CONWAY: It's not true.
COOPER: It’s not true that those were briefing documents?
CONWAY: Here’s what is true.
COOPER: It’s not true that that was in any of the briefing documents? You’re saying that categorically? How do you know that?
CONWAY: It's true you have no evidence of it. Other than unnamed sources, you don't have the briefing documents. That’s what’s true, because they would not have access to the briefing documents.

Conway later added: “If it turns out that the two pages are not true, do not exist somehow, then CNN will take corrective measures about that?”

To be clear, the document's existence and presentation to Trump is something that was widely reported after CNN broke the story, including by The Washington Post and the New York Times. And now, since Conway's interview, Vice President Biden has confirmed that he and President Obama were also briefed on the document. And now multiple reports — from CNN, ABC News and NBC News — indicate FBI Director James B. Comey had a one-on-one conversation with Trump about the document after last Friday's intelligence briefing.

So it's completely unclear why Conway would cast doubt on its very existence — or why she and Spicer would suggest CNN's reporting was unsubstantiated. Taking issue with the decision to publish is one thing; if you're casting doubt upon the information itself, you better have done your homework.

Claiming that the intelligence said that Russia had no impact

We get it. The reason Trump doesn't want to concede that Russia hacked to influence the 2016 election in his favor is because it inherently casts doubt on whether he would have won without it. But in recent days, he and his team have taken this too far, claiming that the intelligence community said that Russia had no impact. It's just not true.

Trump tweeted this on Saturday:

On Sunday, Conway repeated the claim to CNN's Jake Tapper. “If you read the full report, they make very clear, Mr. Clapper in his testimony made very clear on Thursday under oath that the — that any attempt, any aspiration to influence our elections failed,” Conway said. “They were not successful in doing that.”

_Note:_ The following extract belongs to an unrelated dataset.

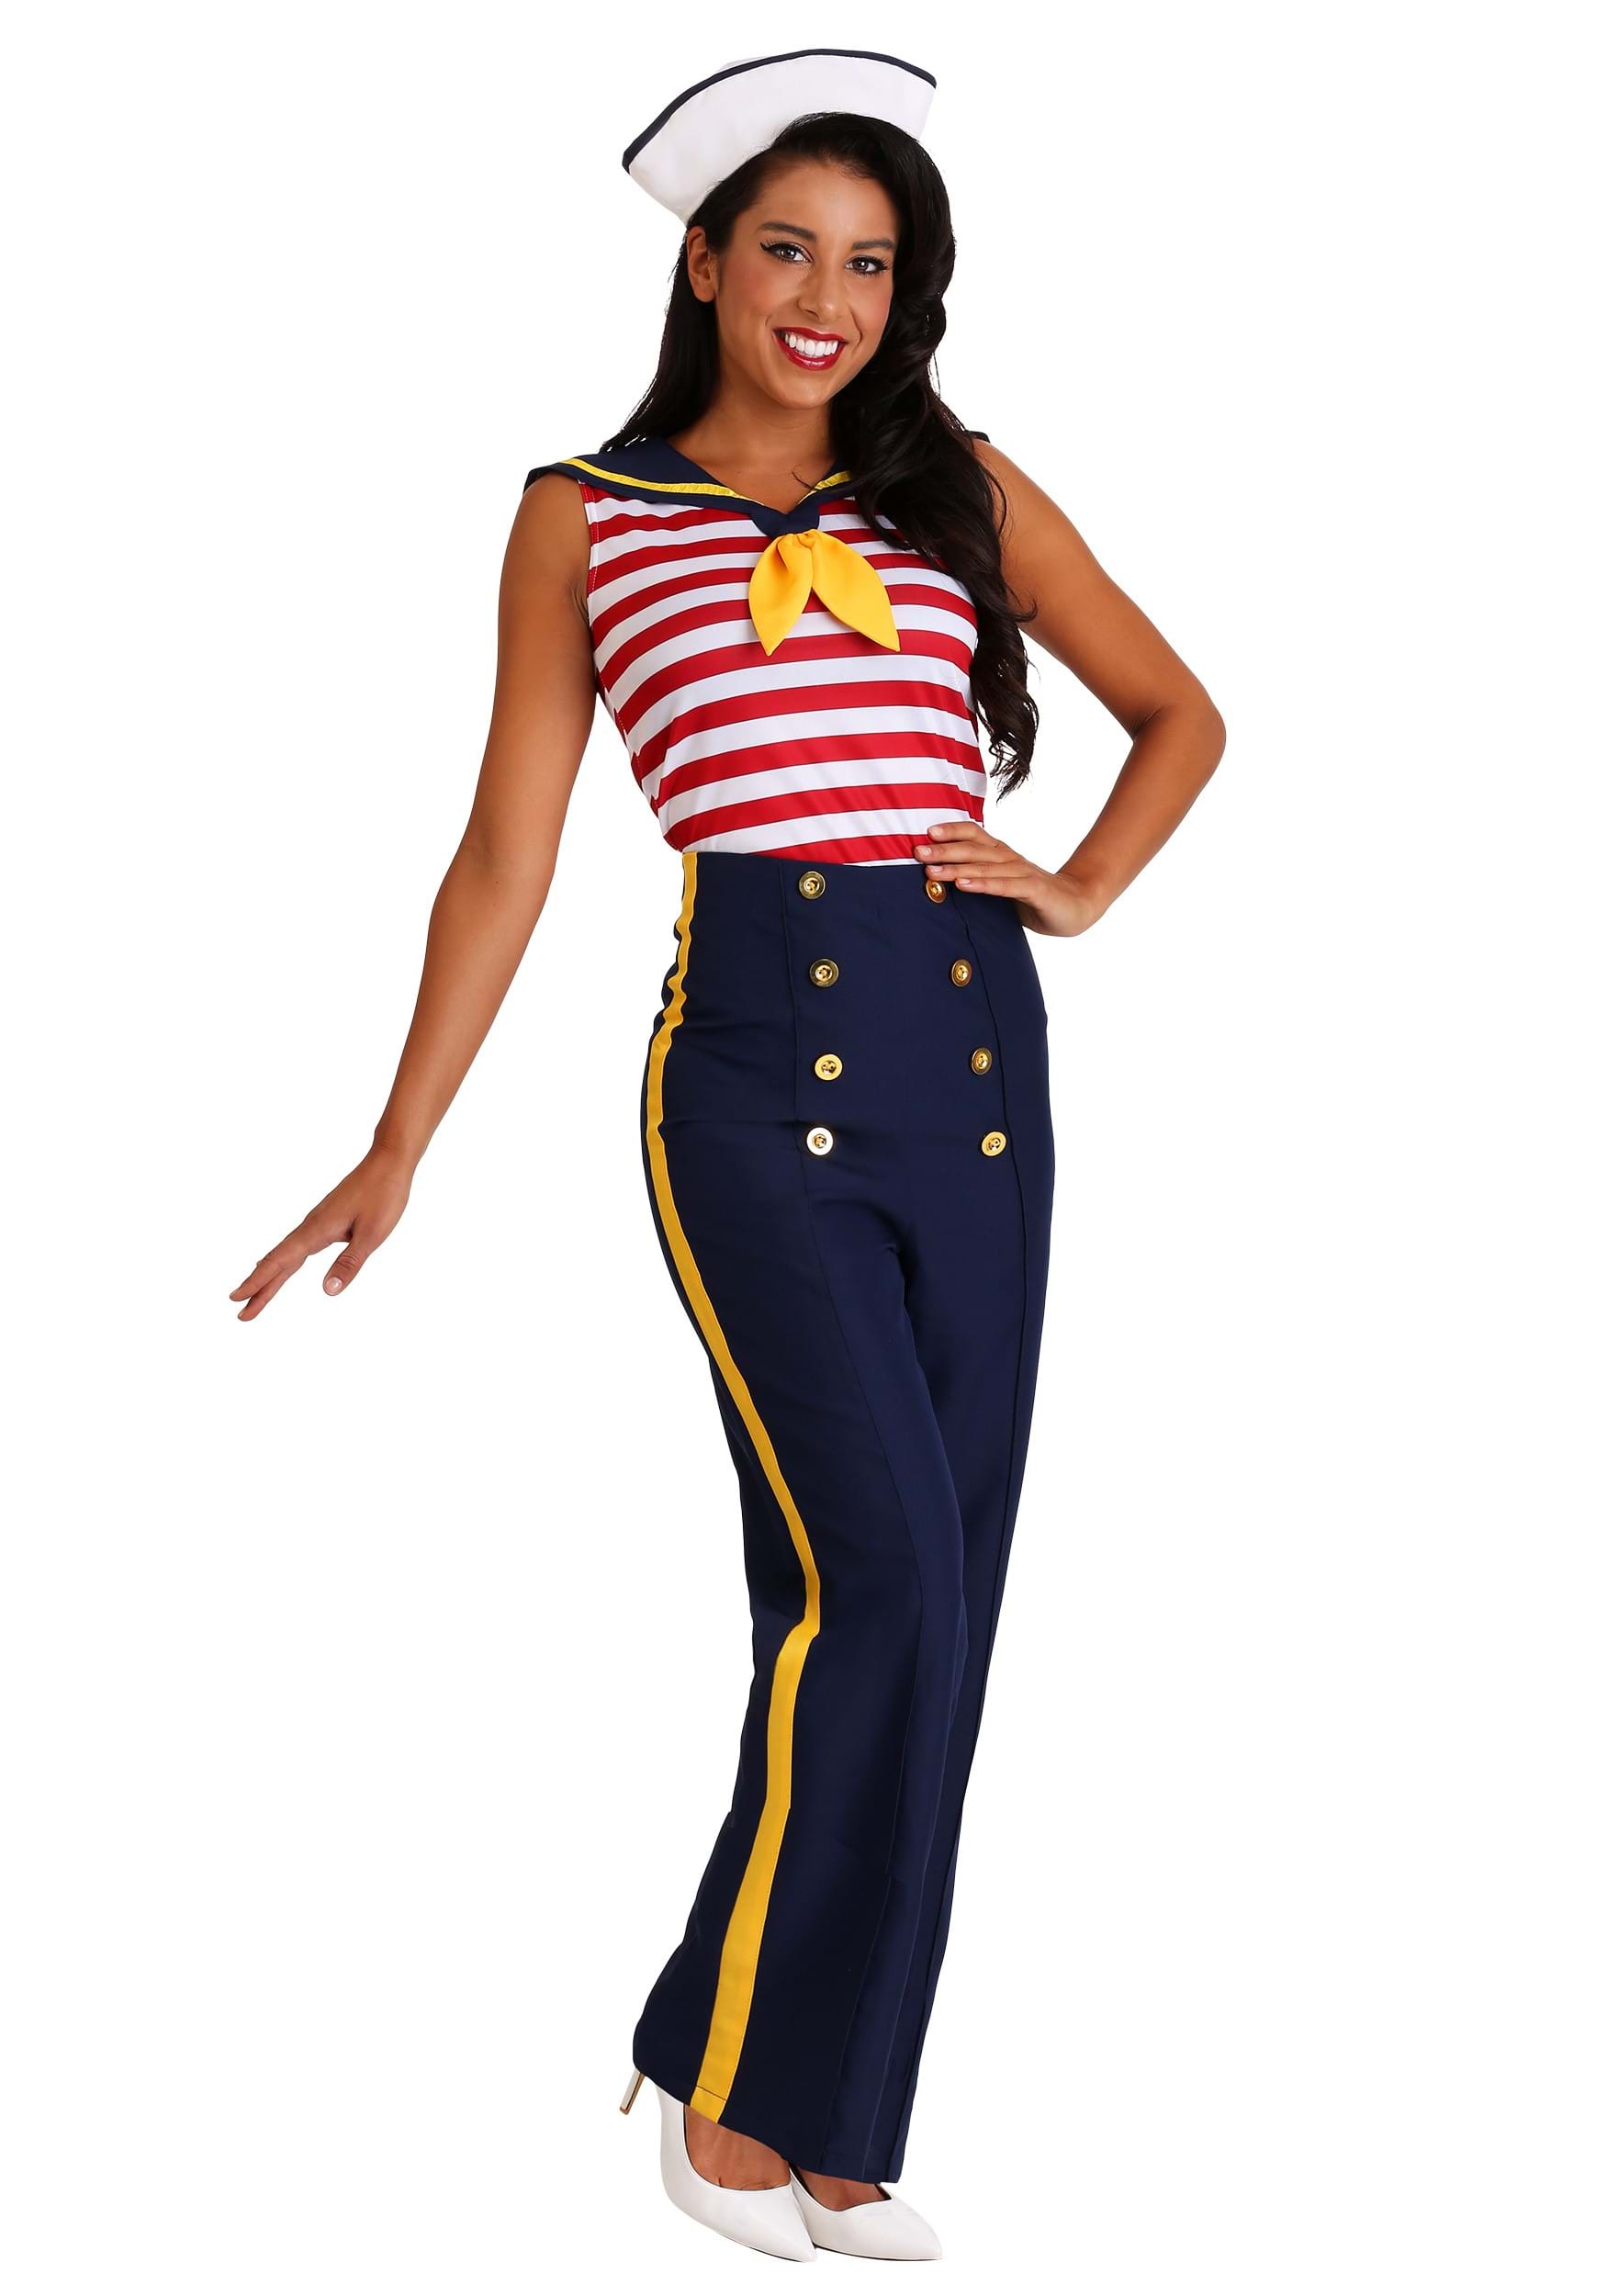 13.) Exclusive Women's Perfect Pin Up Sailor Costume

Then, in response to the CNN report, incoming Trump deputy national security adviser K.T. MacFarland repeated the claim. “I think I’d just say what [Clapper] said, which is that nothing the Russians did had any effect on the outcome,” she said Tuesday shortly after CNN's report.

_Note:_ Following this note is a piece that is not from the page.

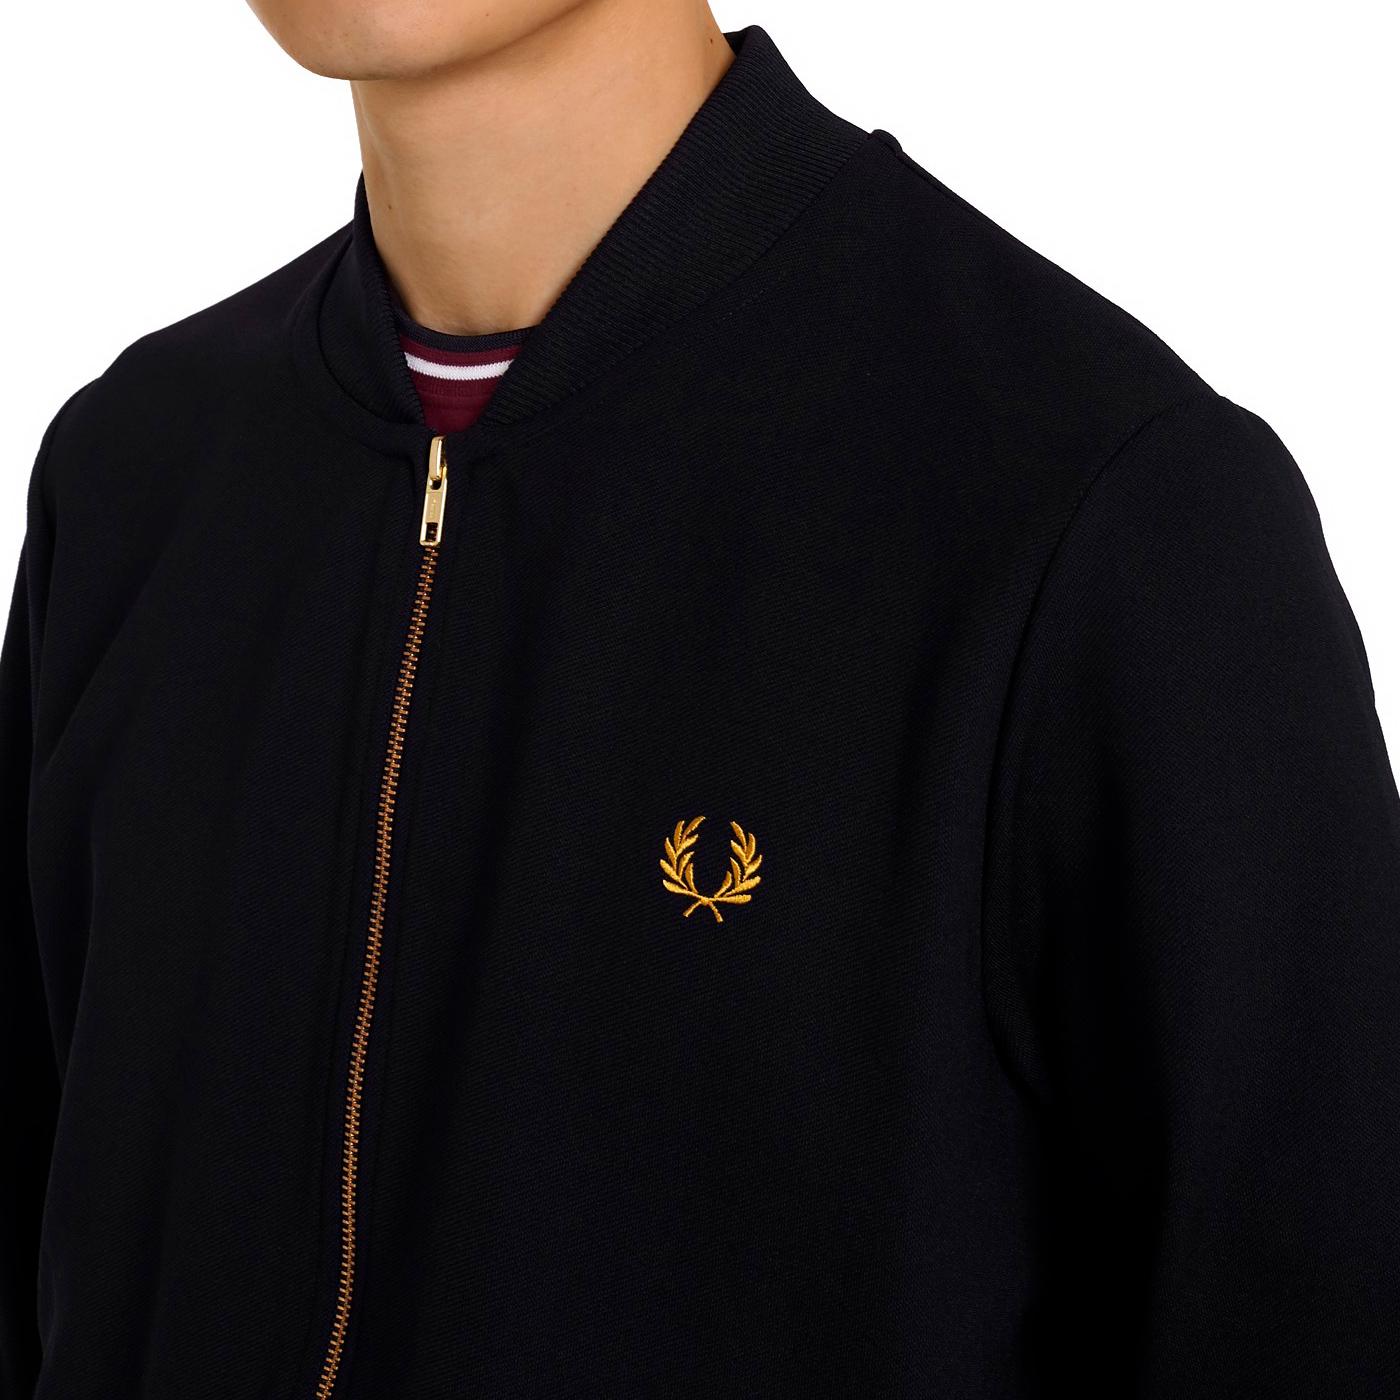 FRED PERRY Bomber Collar Twill Track Jacket (B)

As I wrote this weekend, this claim is just bogus. The report does say that Russia didn't appear to penetrate the actual voting process — voting machines, etc. But it does not weigh in on the question of whether Russia actually influenced the outcome through its propaganda effort. In fact, it states explicitly that it's not making that determination:

We did not make an assessment of the impact that Russian activities had on the outcome of the 2016 election. The U.S. intelligence community is charged with monitoring and assessing the intentions, capabilities, and actions of foreign actors; it does not analyze U.S. political processes or U.S. public opinion.

Claims like this one and the above simply don't pass the smell test, and the fact that the Trump team continues to use them suggests they don't have anything better to fight back with.

There is a legitimate debate to be had about whether this dossier should ever have seen the light of day or even have been reported upon in the first place; that would be fair. But stretching the arguments like this makes it seem like Trump and his team don't have a leg to stand on in this whole matter.